Weit verbreitet ist dagegen eine lokale Reaktion auf Insulin, die durch Fehler beim Spritzen bzw. Legen des Infusionssets entsteht: Fettgewebswucherungen (Lipohypertrophien) unter der Haut. Sie bilden sich, wenn das Insulin immer wieder an „Lieblingsstellen“ injiziert wird und dort das Gewebe zum Wachsen anregt. Die „Knubbel“ sind meist gut von außen zu tasten. Solche Fettgewebswucherungen sind nicht nur unschön, hier kann auch das Insulin nicht wie vorgesehen wirken. Dagegen hilft nur, Spritzstellen und Pen-Nadeln regelmäßig zu wechseln. Beim Infusionsset für die Insulinpumpen-Therapie müssen die Einführungsstellen regelmäßig gewechselt werden.

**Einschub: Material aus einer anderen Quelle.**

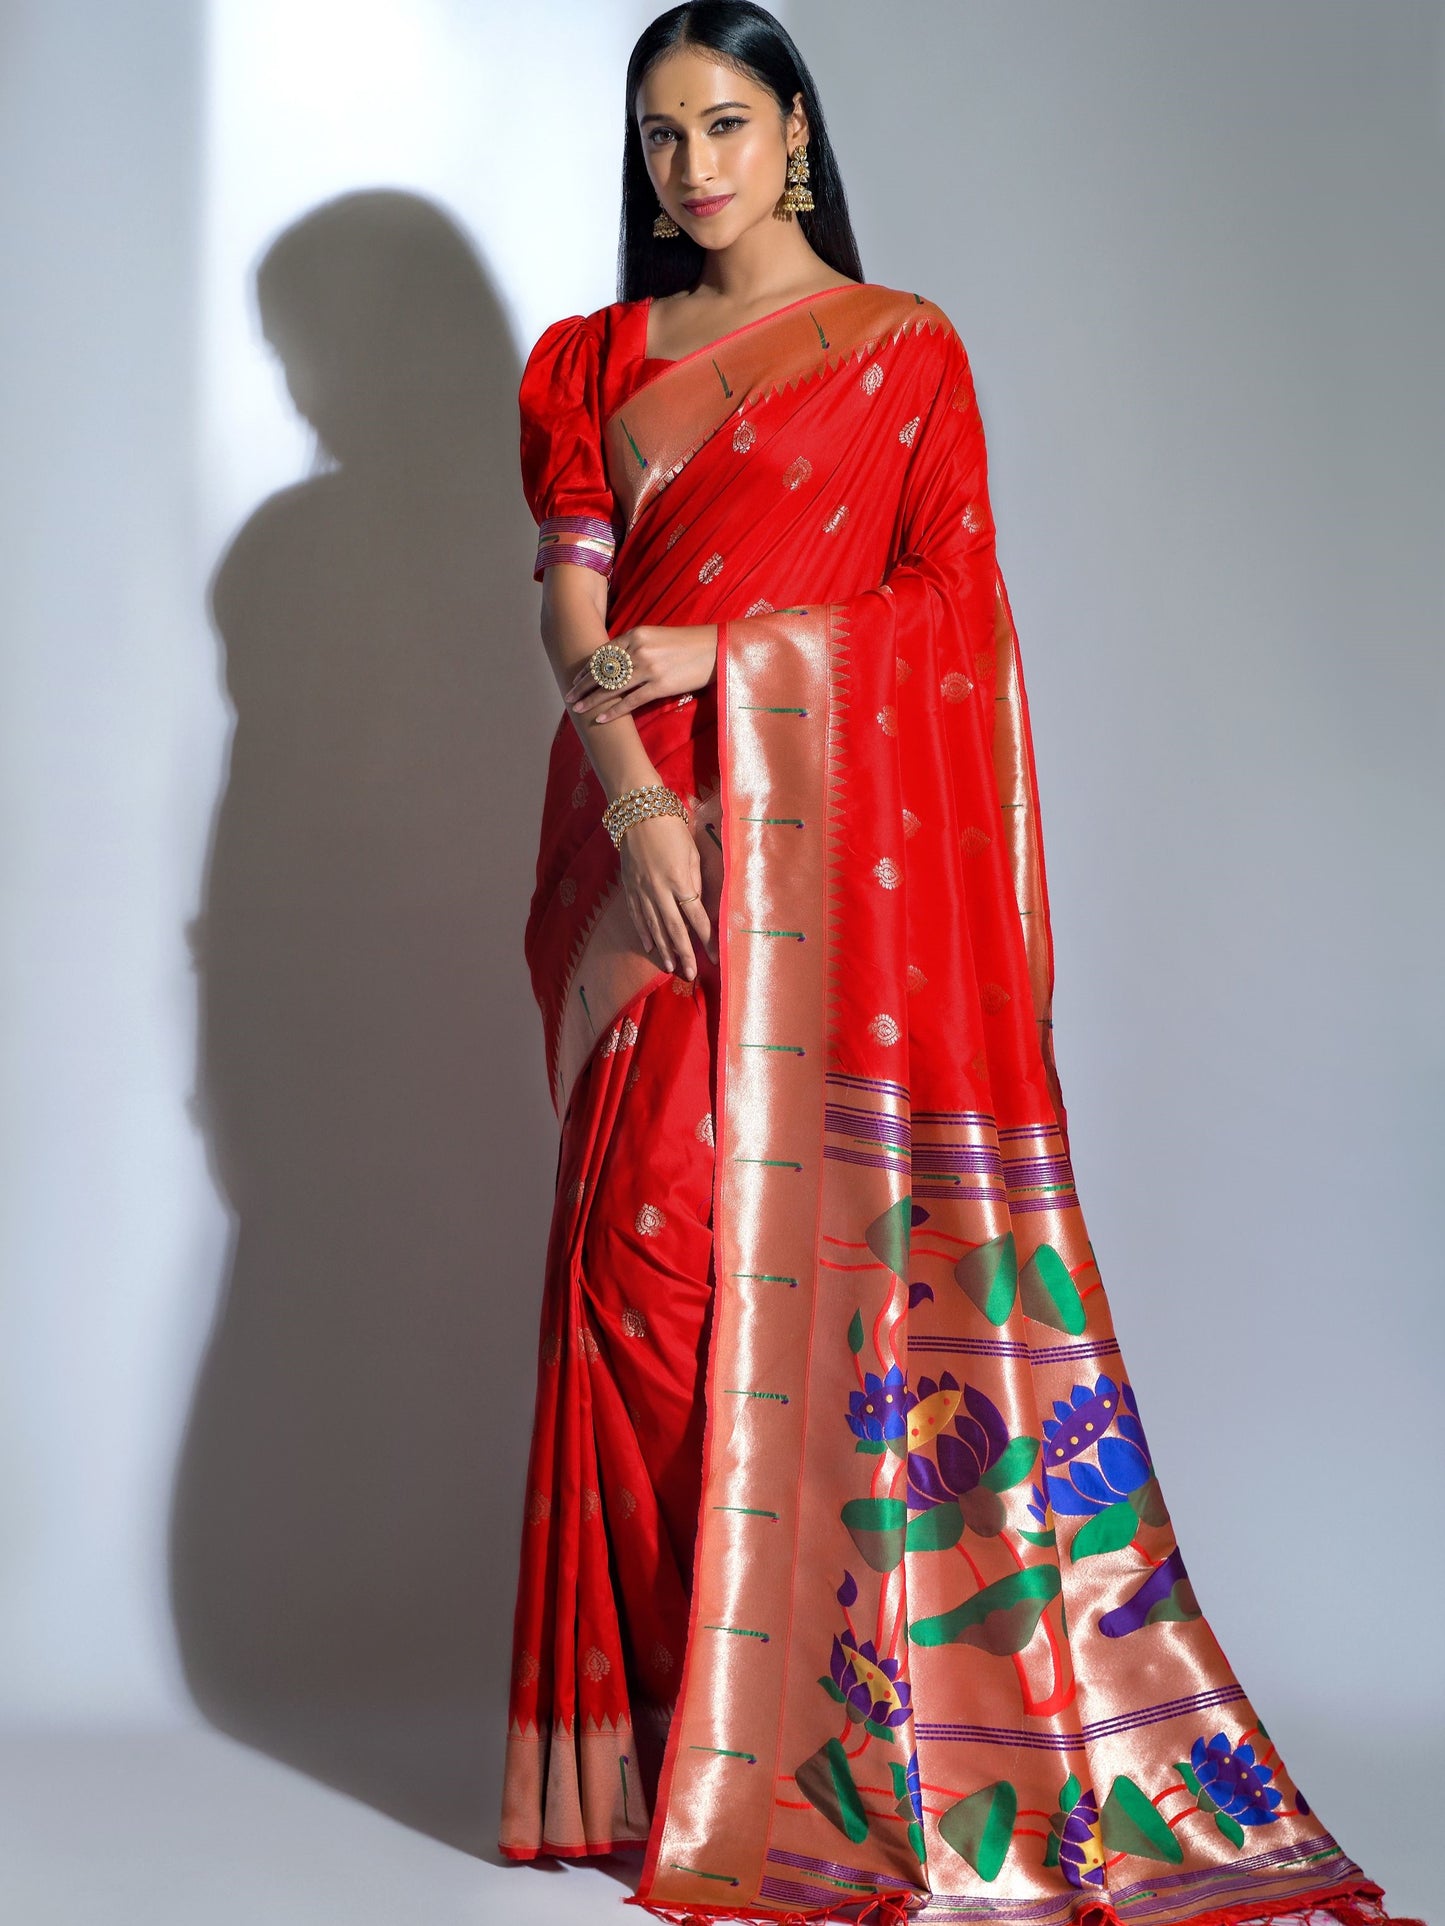 Bridal Red Paithani Saree
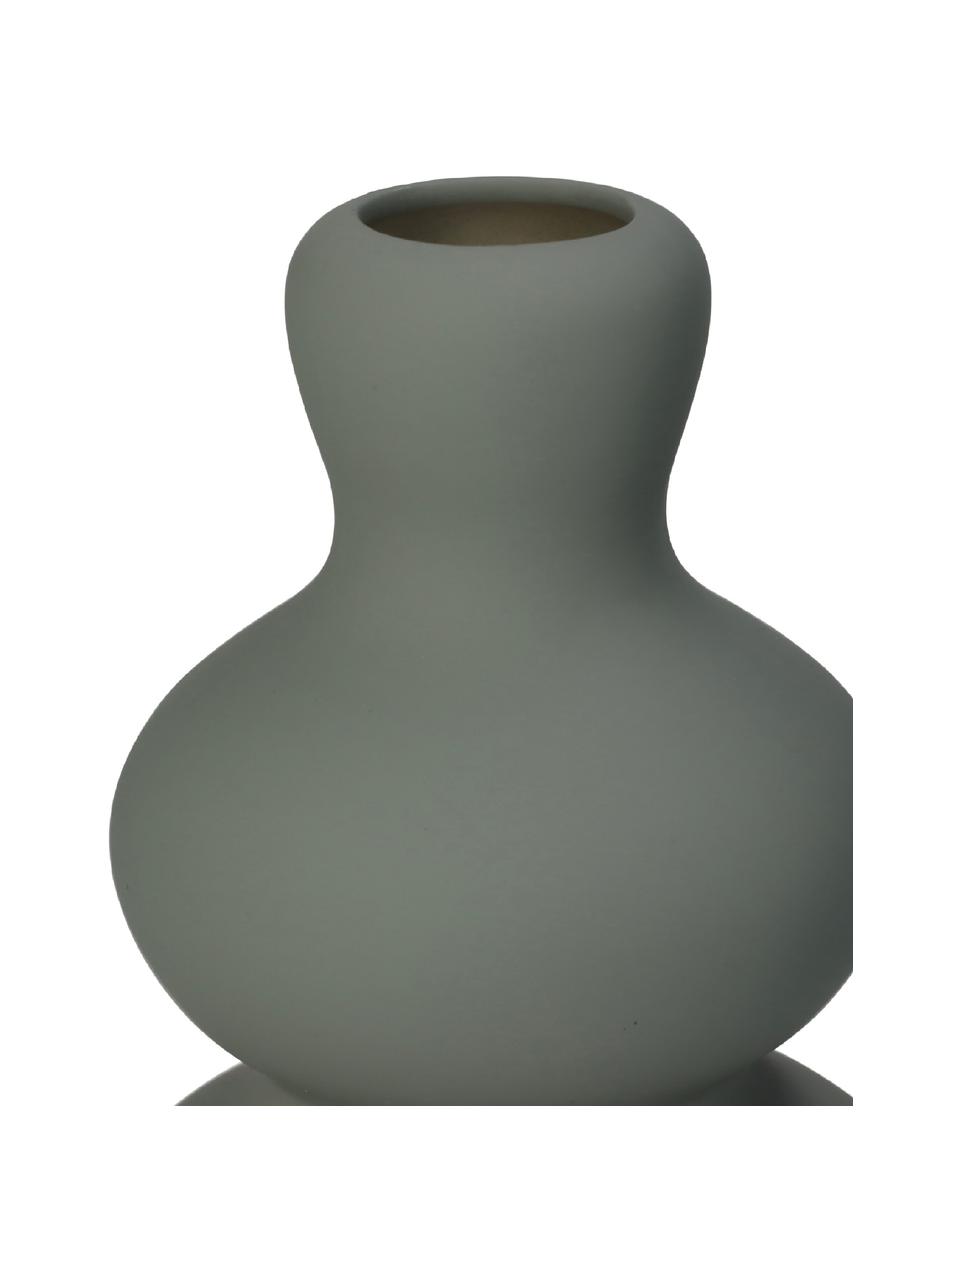 Vase Fine aus Steingut in Grün-Grau, Steingut, Grün-Grau, Ø 14 x H 20 cm

Analoginsuline standen eine Zeit lang im Verdacht, die Entstehung von Krebs zu fördern. Dieser Verdacht hat sich in einer groß angelegten Studie mit Typ-2-Diabetikern (ORIGIN – Outcome Reduction with Initial Glargine Intervention) über mehr als sechs Jahre nicht bestätigt.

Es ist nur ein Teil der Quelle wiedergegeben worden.